* The data:
####################

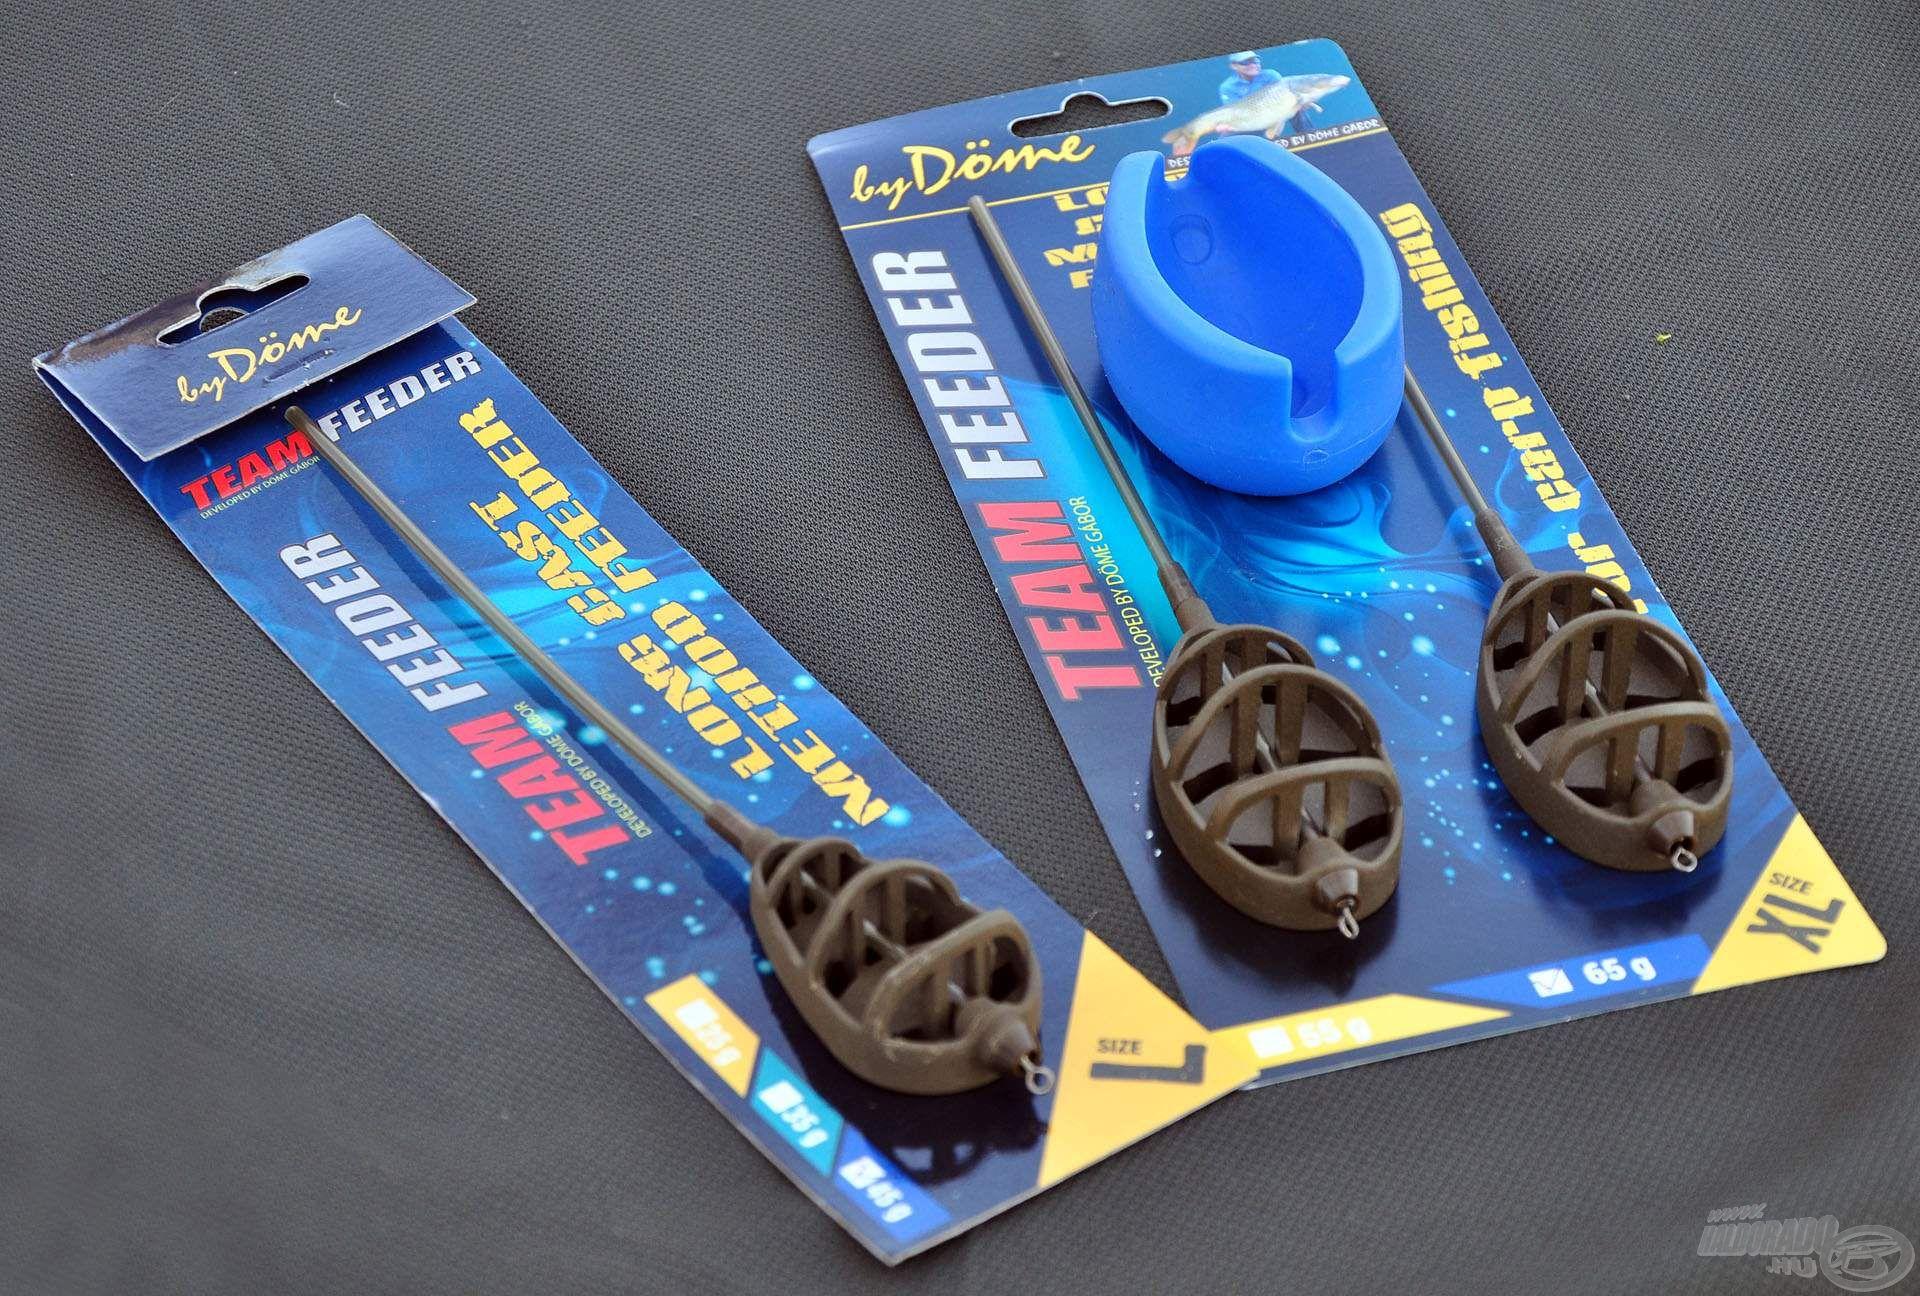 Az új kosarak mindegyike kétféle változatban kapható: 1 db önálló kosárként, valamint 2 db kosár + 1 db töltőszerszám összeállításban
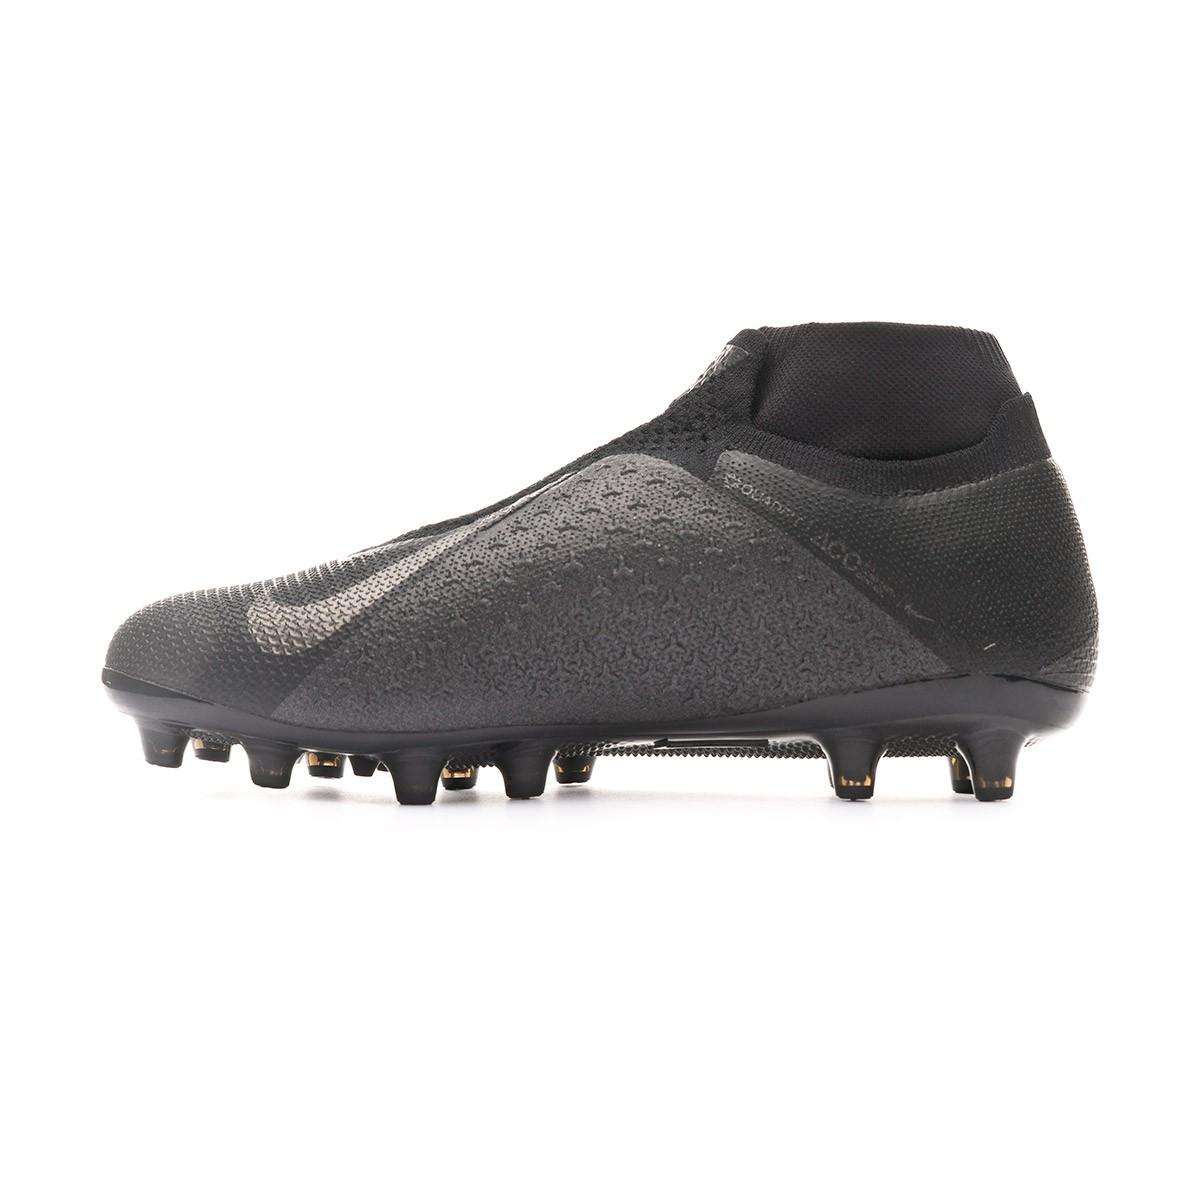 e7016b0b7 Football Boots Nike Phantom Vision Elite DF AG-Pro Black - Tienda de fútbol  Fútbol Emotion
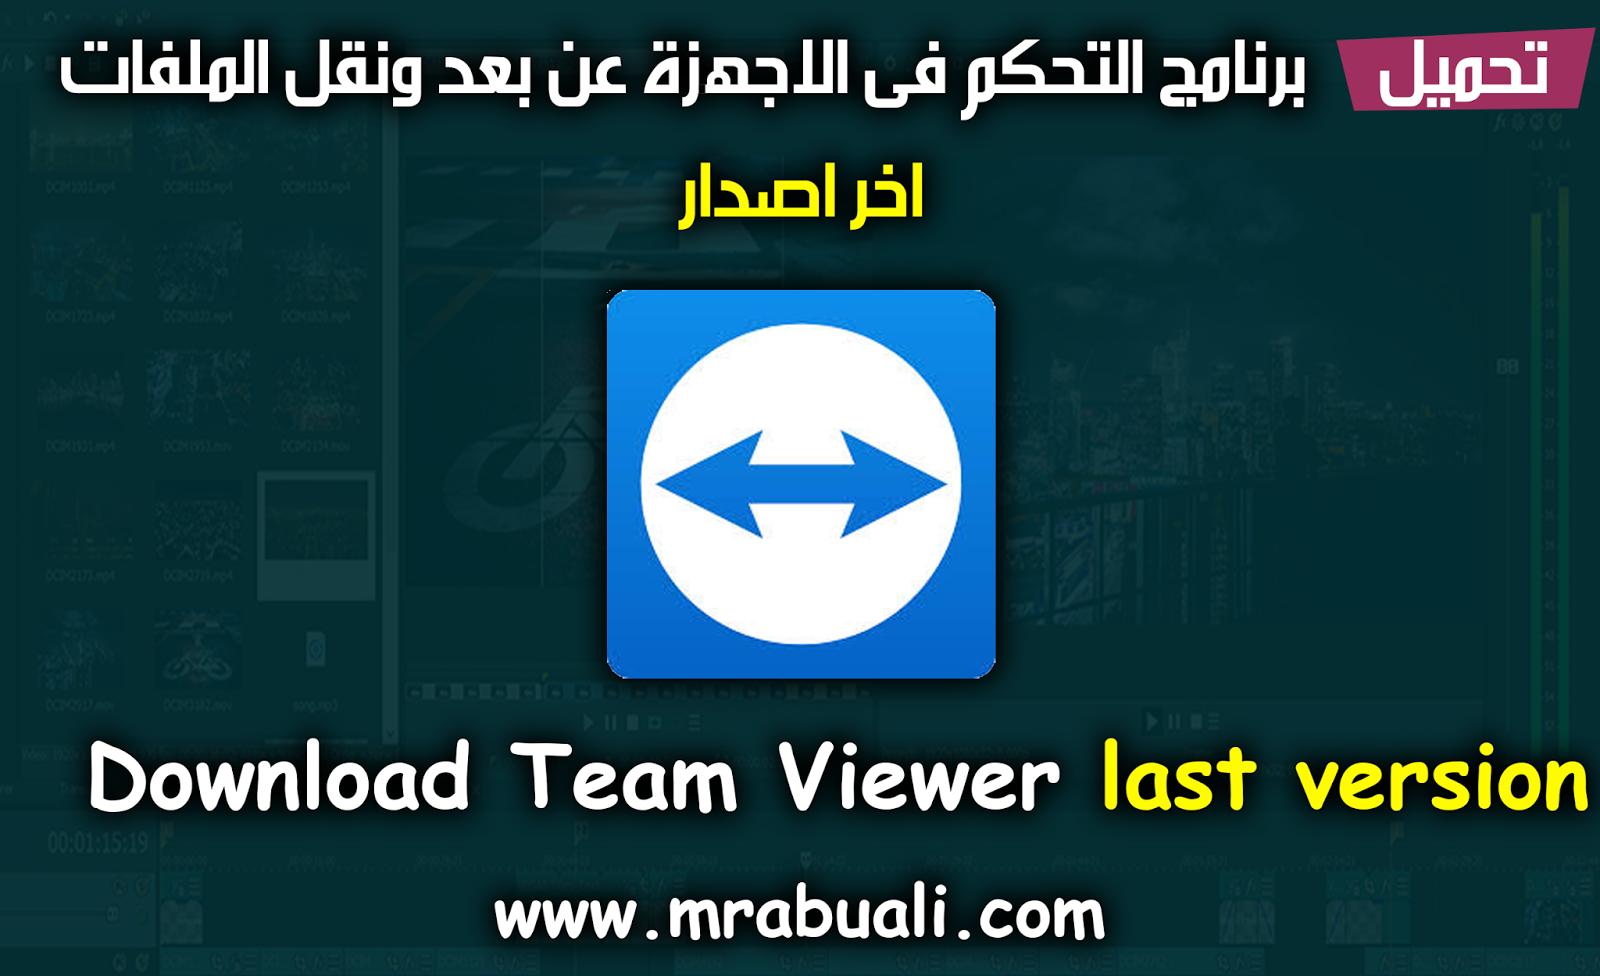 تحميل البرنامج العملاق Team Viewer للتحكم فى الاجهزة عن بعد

####################

* Required work: Apart from the images, retype the full material exactly as written.

* Response box:
 Az új kosarak mindegyike kétféle változatban kapható: 1 db önálló kosárként, valamint 2 db kosár + 1 db töltőszerszám összeállításban
 e7016b0b7 Football Boots Nike Phantom Vision Elite DF AG-Pro Black - Tienda de fútbol  Fútbol Emotion
 تحميل البرنامج العملاق Team Viewer للتحكم فى الاجهزة عن بعد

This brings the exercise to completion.